Only the lines below from the one with "札幌 人狼ゲームイベント 2019年1月" through the one with "Кейс для ноутбука" are to be written out, exactly and without any images.

_Extracted information_.
[Start of Attachment]
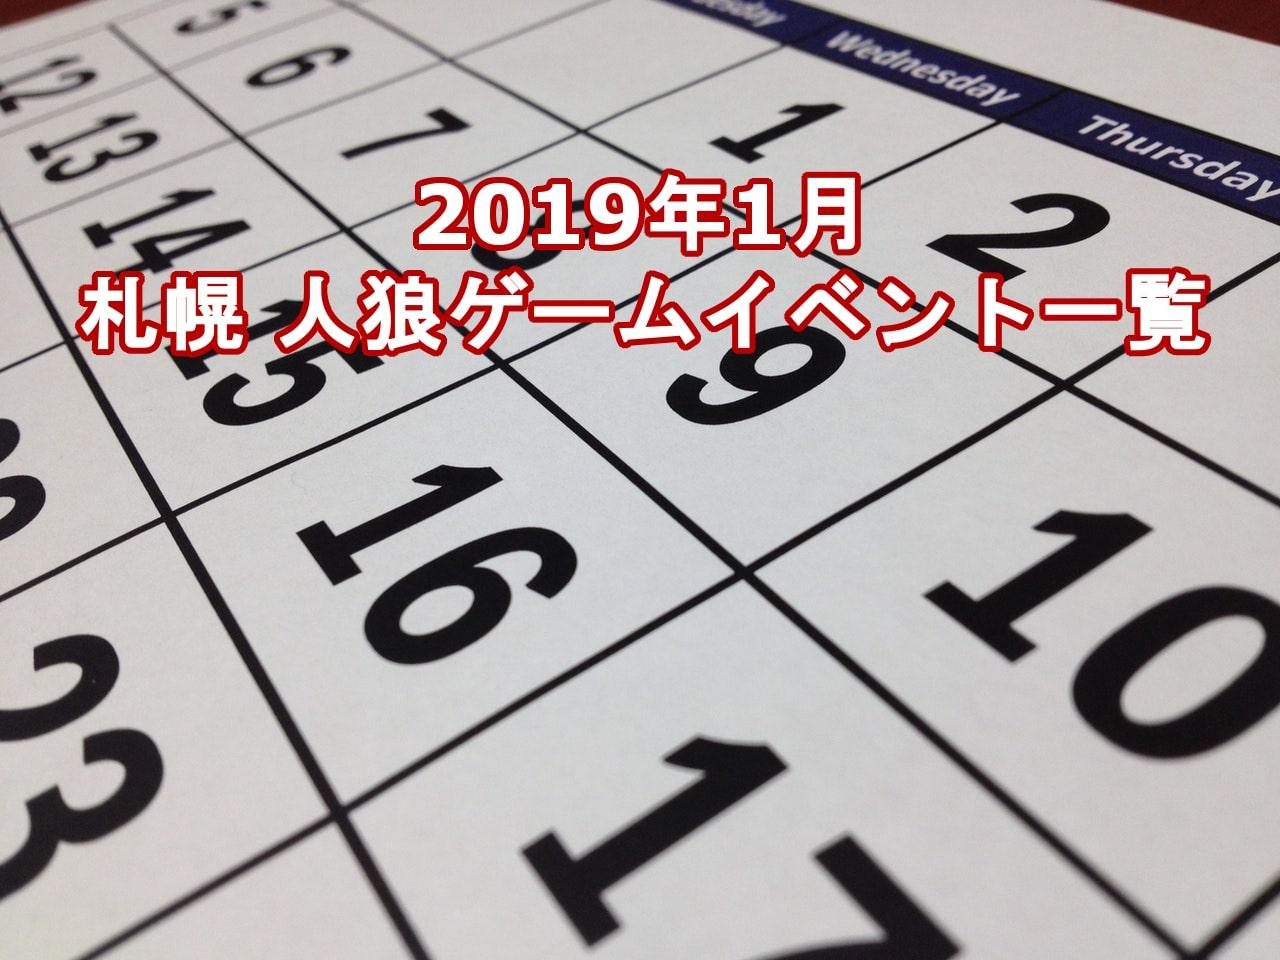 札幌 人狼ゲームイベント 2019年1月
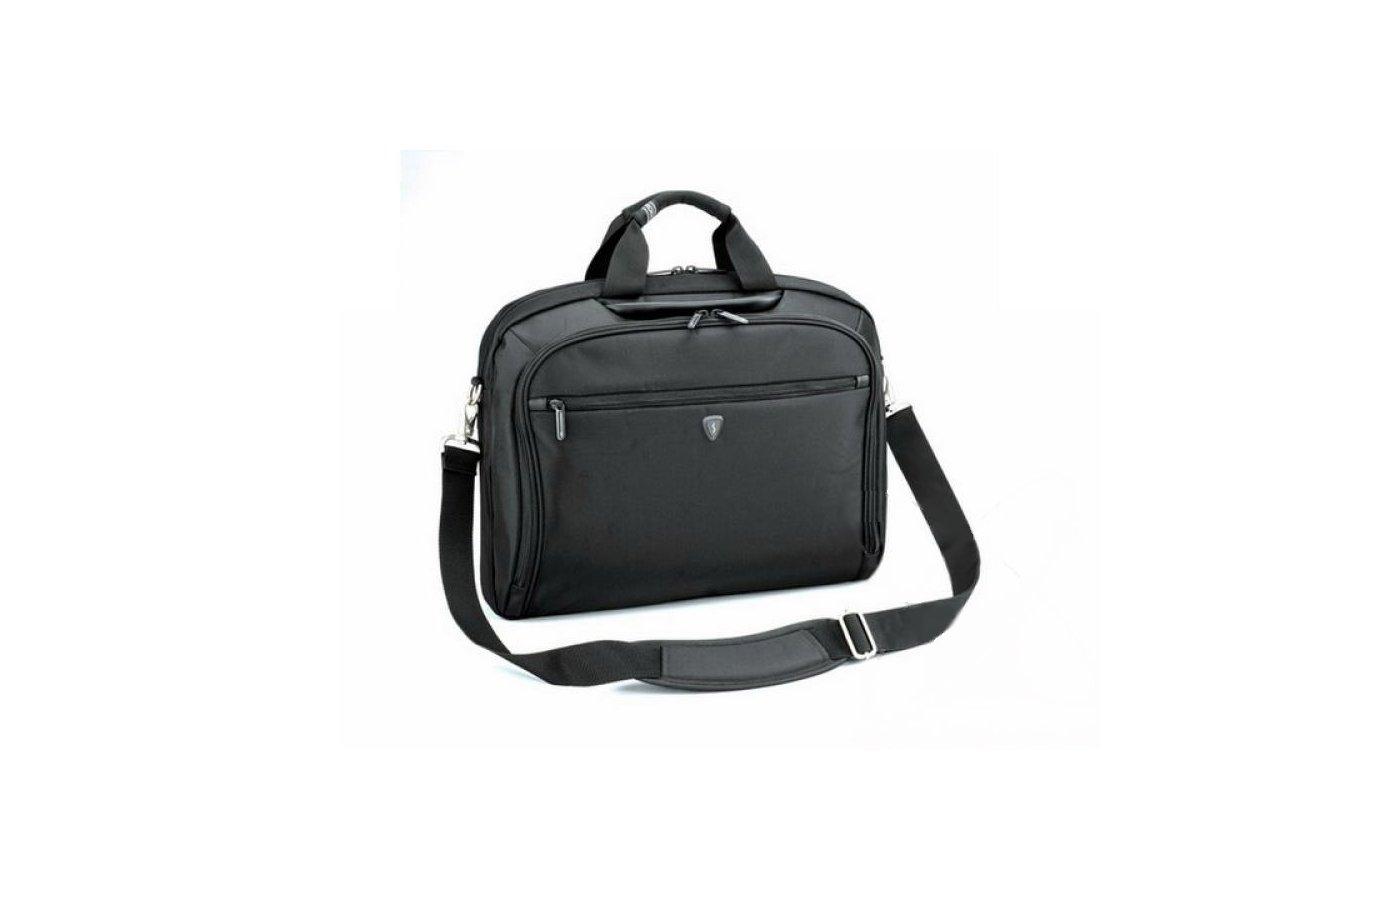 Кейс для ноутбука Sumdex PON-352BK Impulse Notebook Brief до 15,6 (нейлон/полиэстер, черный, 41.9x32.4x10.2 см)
[End of Attachment]
[Start of Attachment]
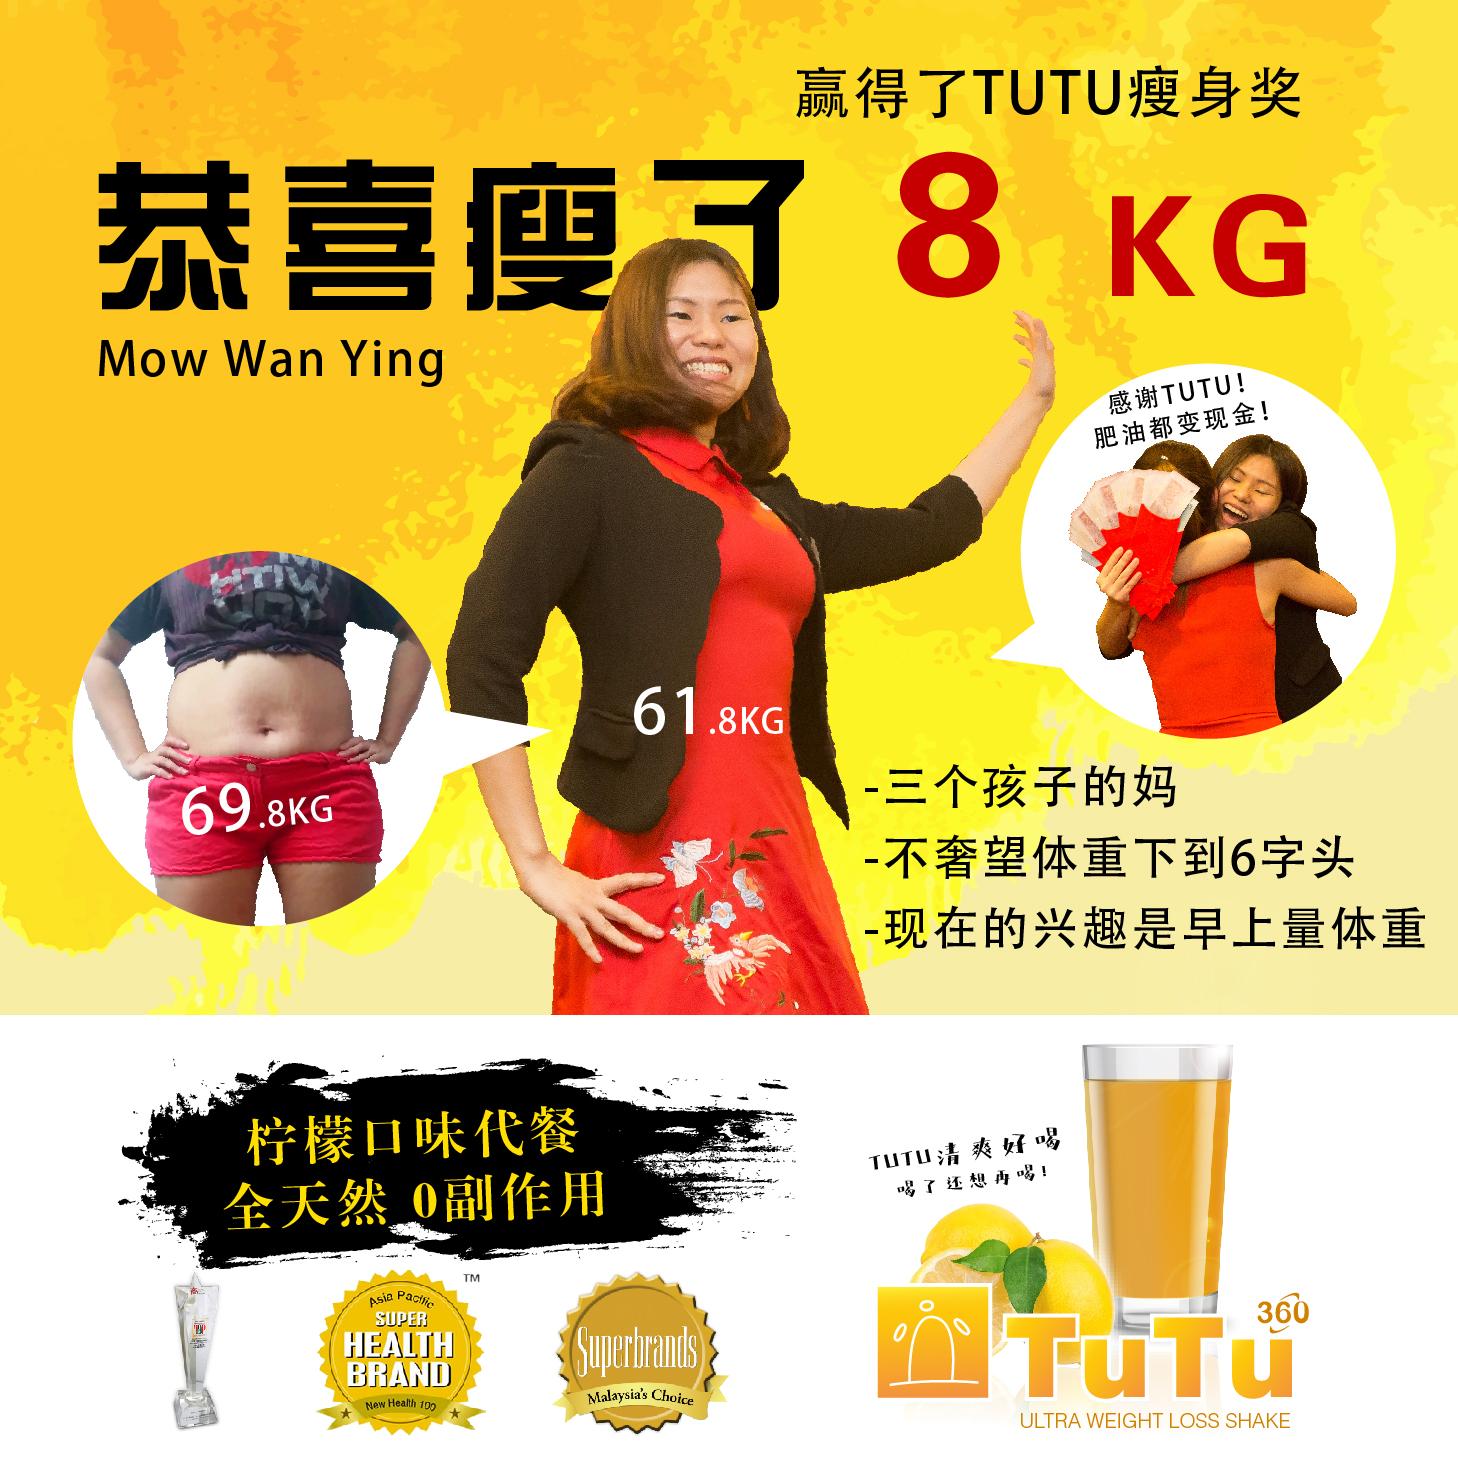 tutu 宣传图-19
[End of Attachment]
_Exercise result_.
 札幌 人狼ゲームイベント 2019年1月
 Кейс для ноутбука Sumdex PON-352BK Impulse Notebook Brief до 15,6 (нейлон/полиэстер, черный, 41.9x32.4x10.2 см)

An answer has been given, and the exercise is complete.